Il potenziale rendimento di Dahlan potrebbe segnalare uno spostamento nelle dinamiche di leadership palestinese, ma non risolverebbe la crisi di base della legittimità che affligge l’AP. Un rimpasto politico in cima non è uguale alla riforma sistemica e senza un impegno più ampio per l’unità nazionale e il rinnovamento rappresentativo, qualsiasi nuova struttura di leadership rischia di ereditare gli stessi fallimenti che hanno definito il mandato di Abbas.
Un momento di opportunità
La ricostruzione di Gaza offre l’opportunità di gettare le basi per un rinnovato movimento nazionale palestinese rompendo la stretta di Abbas sulla politica palestinese e avviando il processo di rivitalizzazione. Se gli stati arabi possono navigare nel campo minato politico dell’intransigenza di Netanyahu, dell’interesse personale di Abbas e delle divisioni palestinesi interne, potrebbero essere in grado di guidare Gaza verso un futuro più stabile e autonomo.
Tuttavia, se Abbas e la sua cerchia di funzionari radicati rimangono in controllo, questo sforzo potrebbe rapidamente trasformarsi in un altro tentativo fallito di riconciliazione palestinese, rafforzando lo status quo del dominio israeliano e della disunità palestinese.

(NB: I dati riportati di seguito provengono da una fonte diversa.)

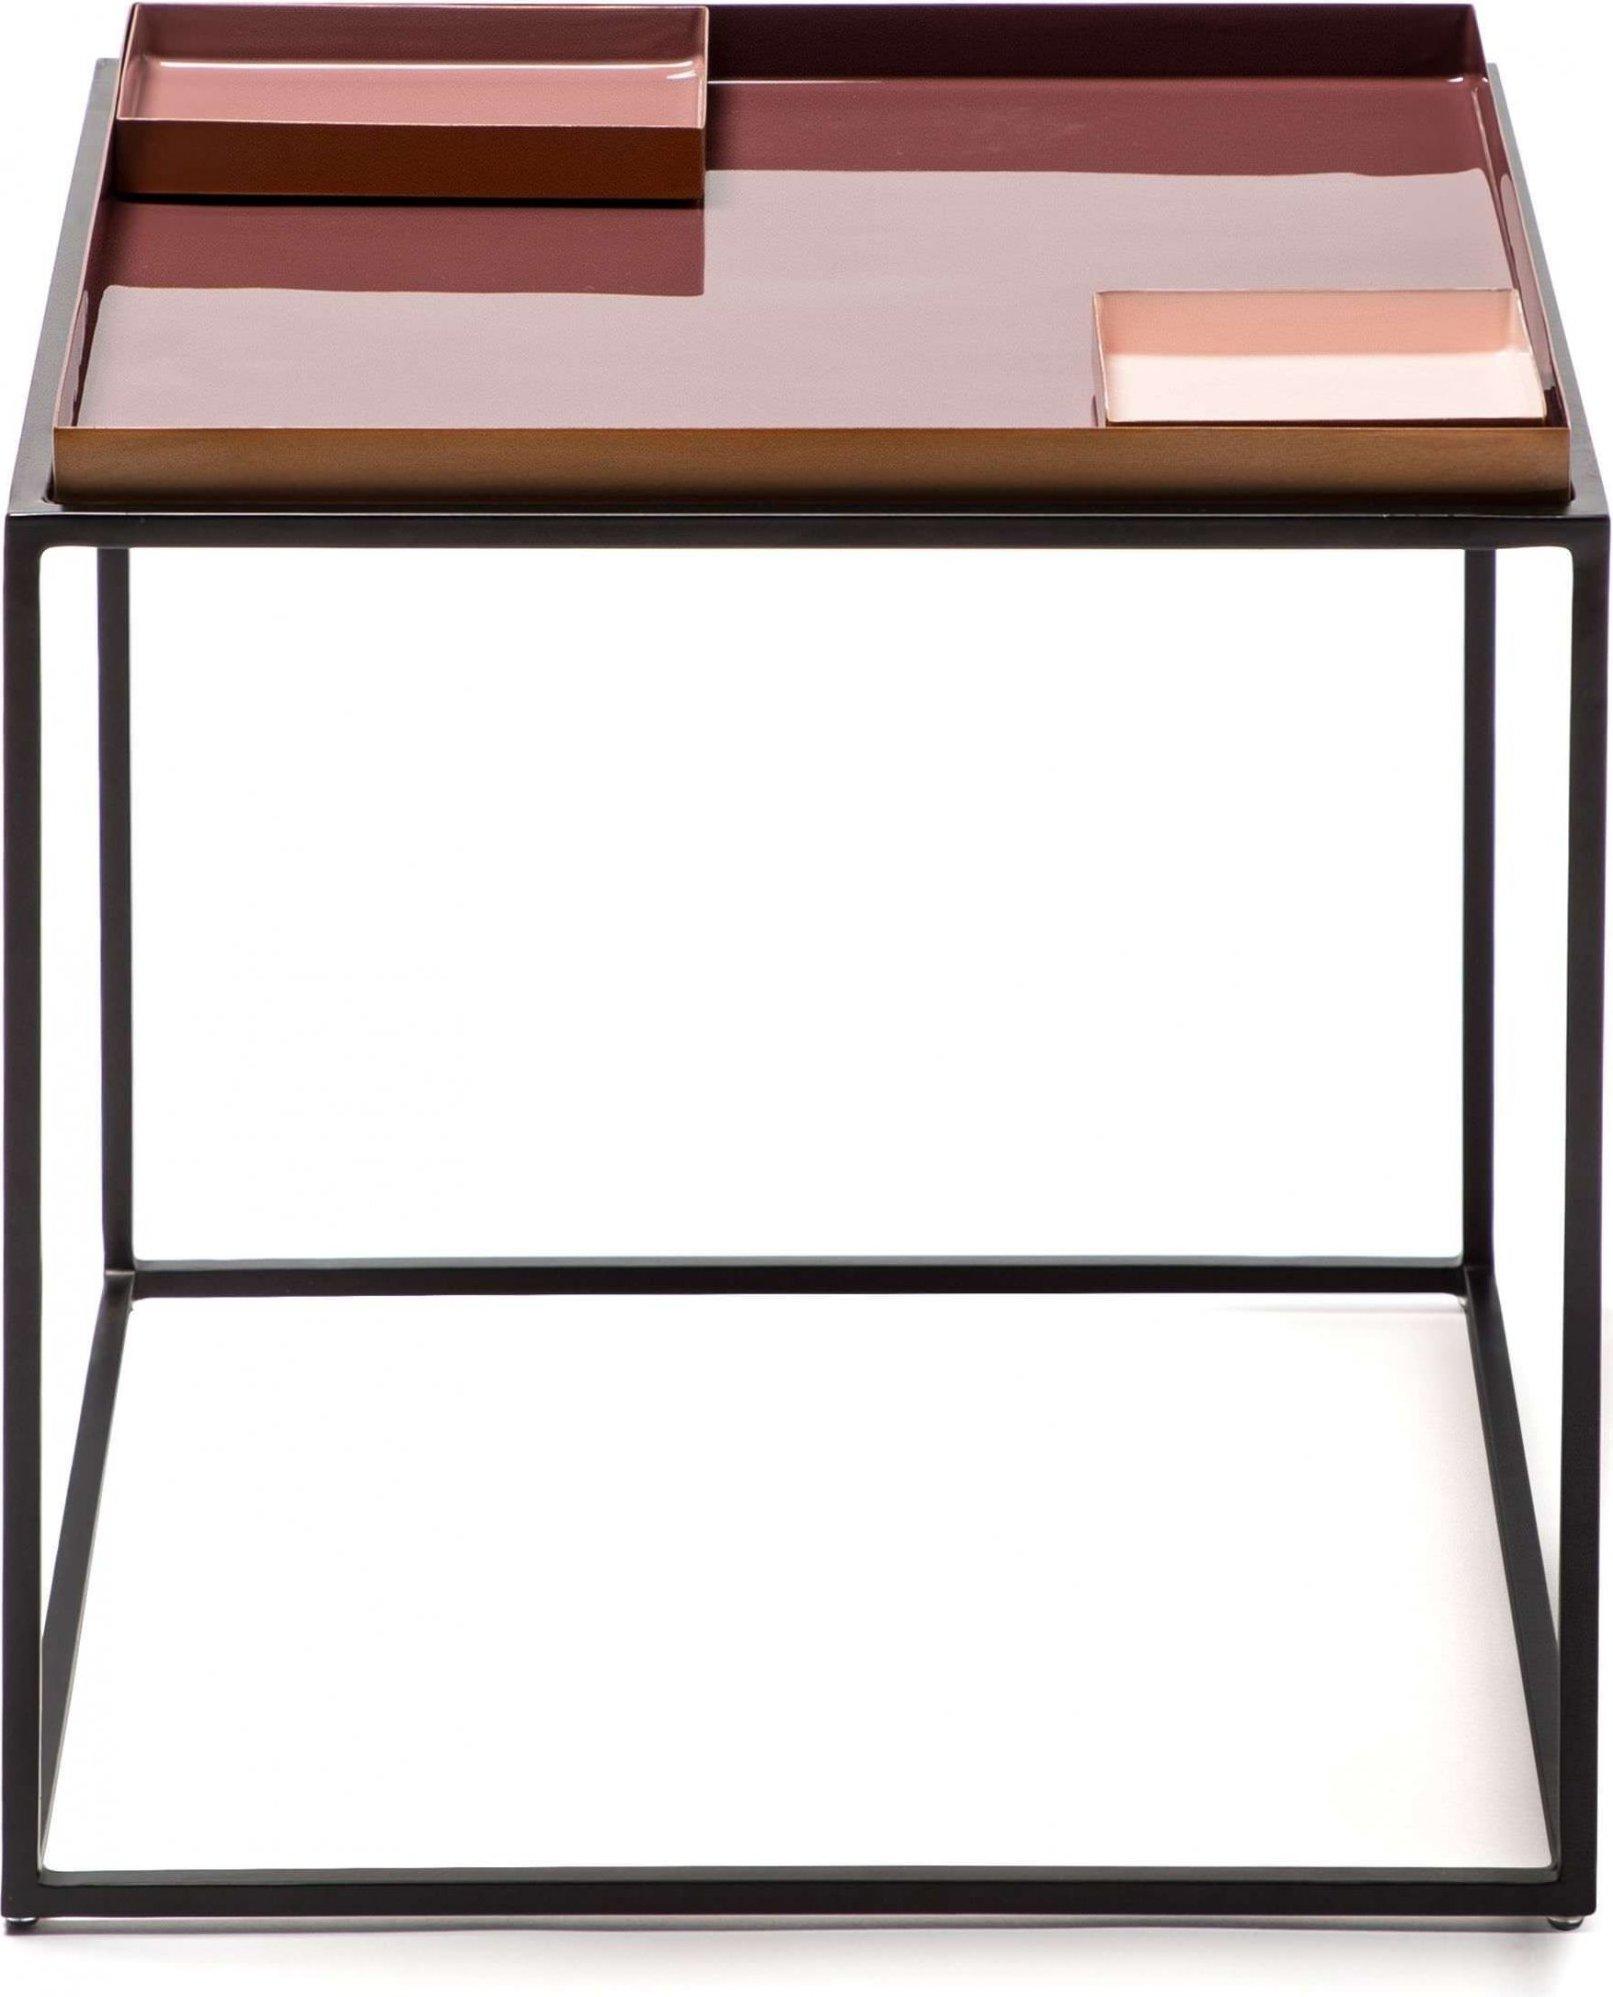 Table d'appoint carré couleur violet l40cm
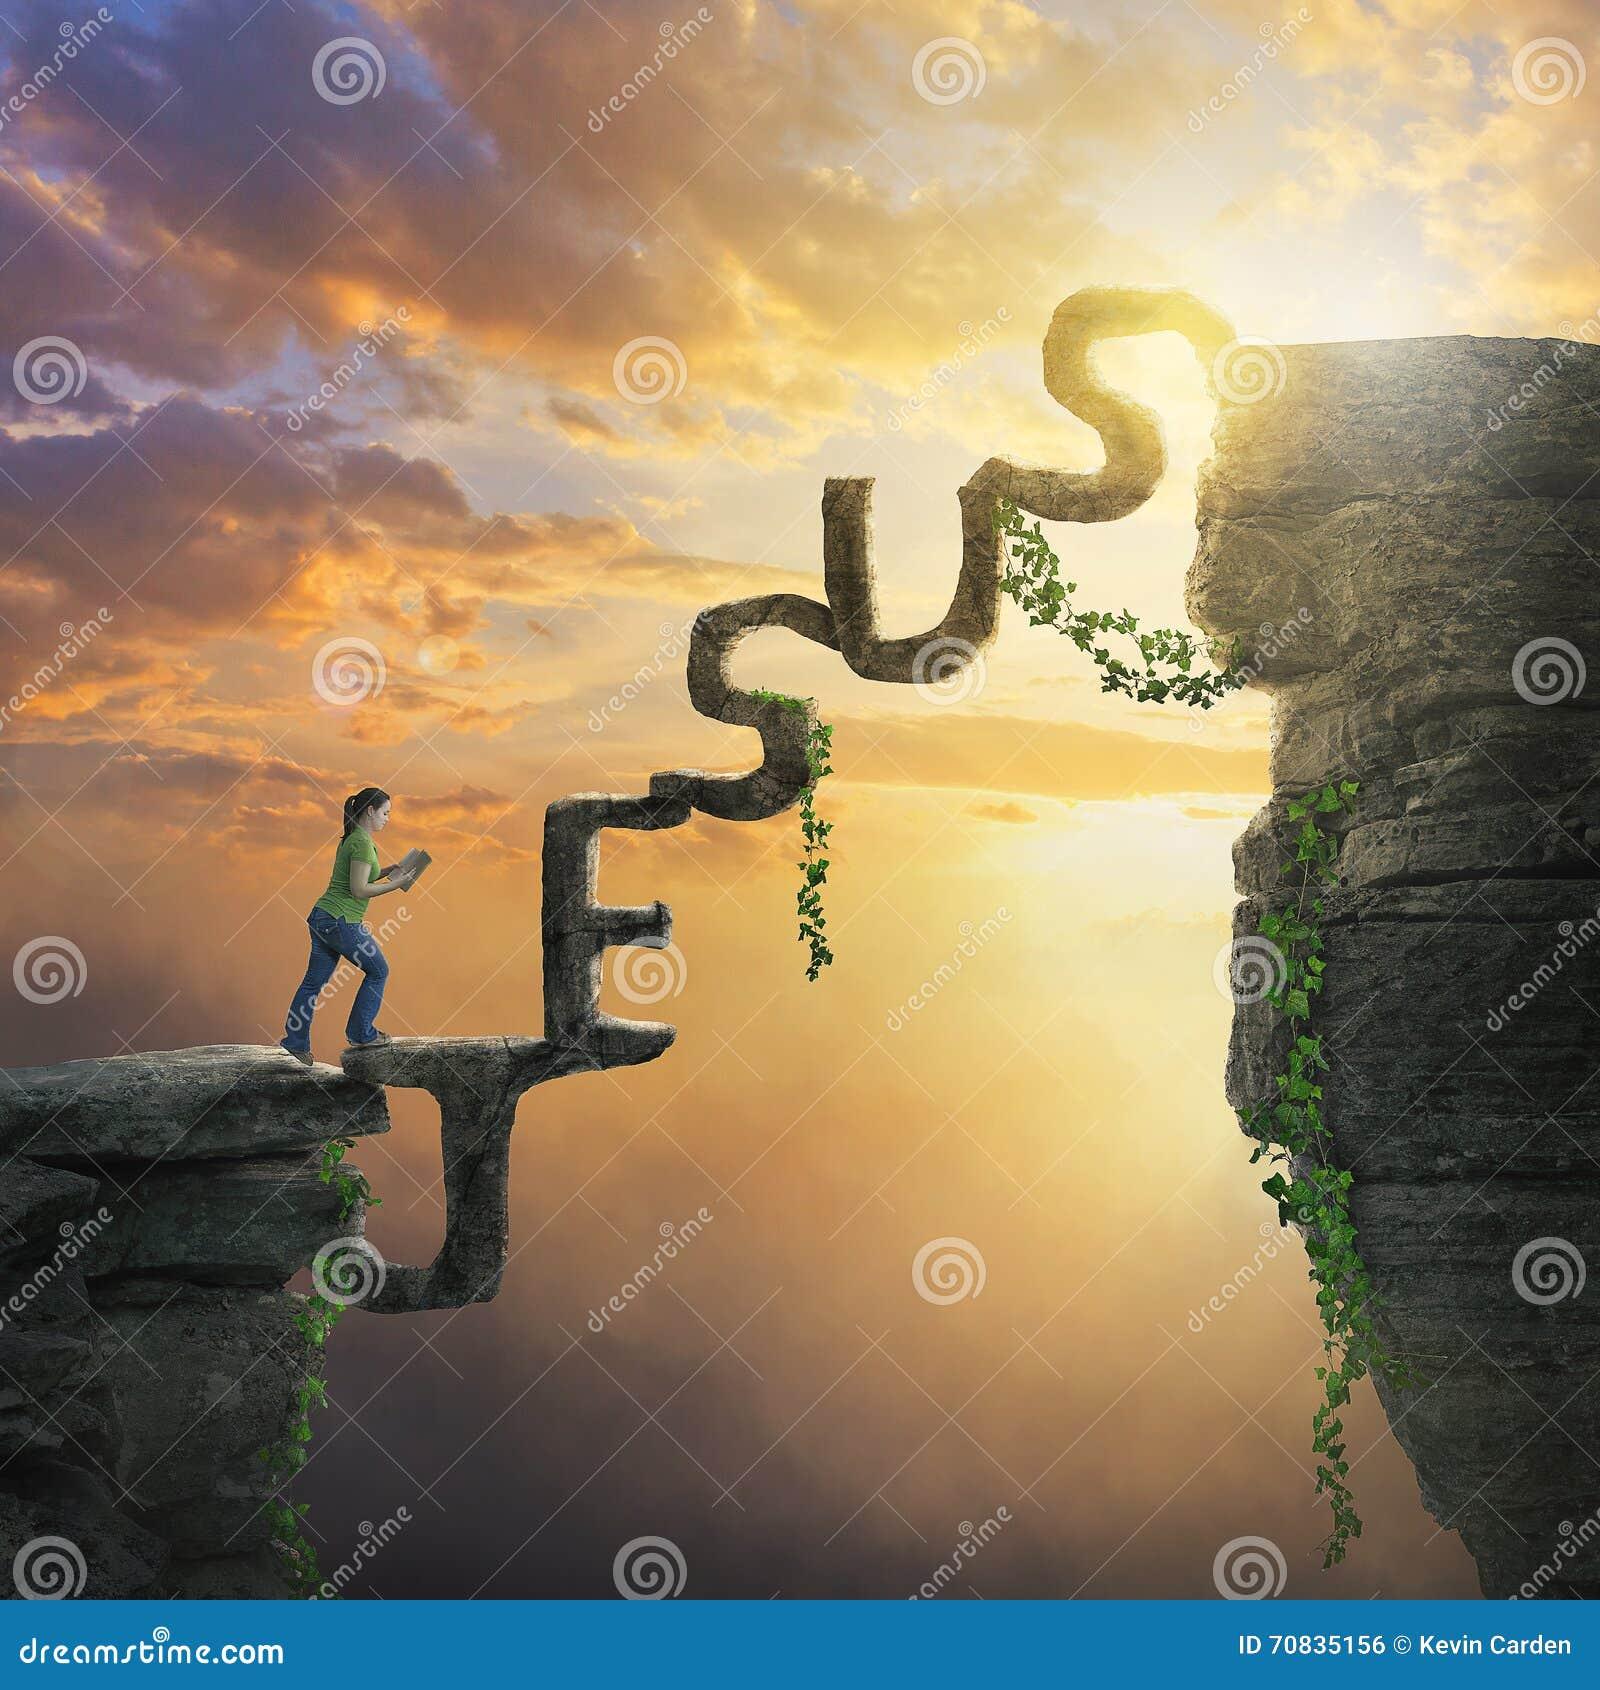 Jesus bridge between cliffs

Il futuro di Gaza è in bilico. Questo intervento da parte degli stati arabi potrebbe essere un passo positivo verso l’autodeterminazione palestinese-o potrebbe diventare un’opportunità storica mancata. Se Abbas continua a monopolizzare il potere, se l’OLP rimane un guscio vuoto e se Netanyahu continua la sua campagna per sabotare qualsiasi forma di sovranità palestinese, allora il piano arabo potrebbe essere morto all’arrivo.
Questo momento richiede un’azione decisiva, per il rinnovamento politico palestinese e un impegno internazionale per l’autodeterminazione palestinese autentica. Resta da vedere se il piano degli Stati arabi possa superare gli ostacoli strutturali sul suo cammino. Ma se la crisi di leadership dei palestinesi non ha già sigillato il destino di Gaza, allora ora è il momento di una correzione del corso prima che sia troppo tardi.
Le opinioni espresse in questo articolo sono la stessa dell’autore e non riflettono necessariamente la posizione editoriale di Al Jazeera.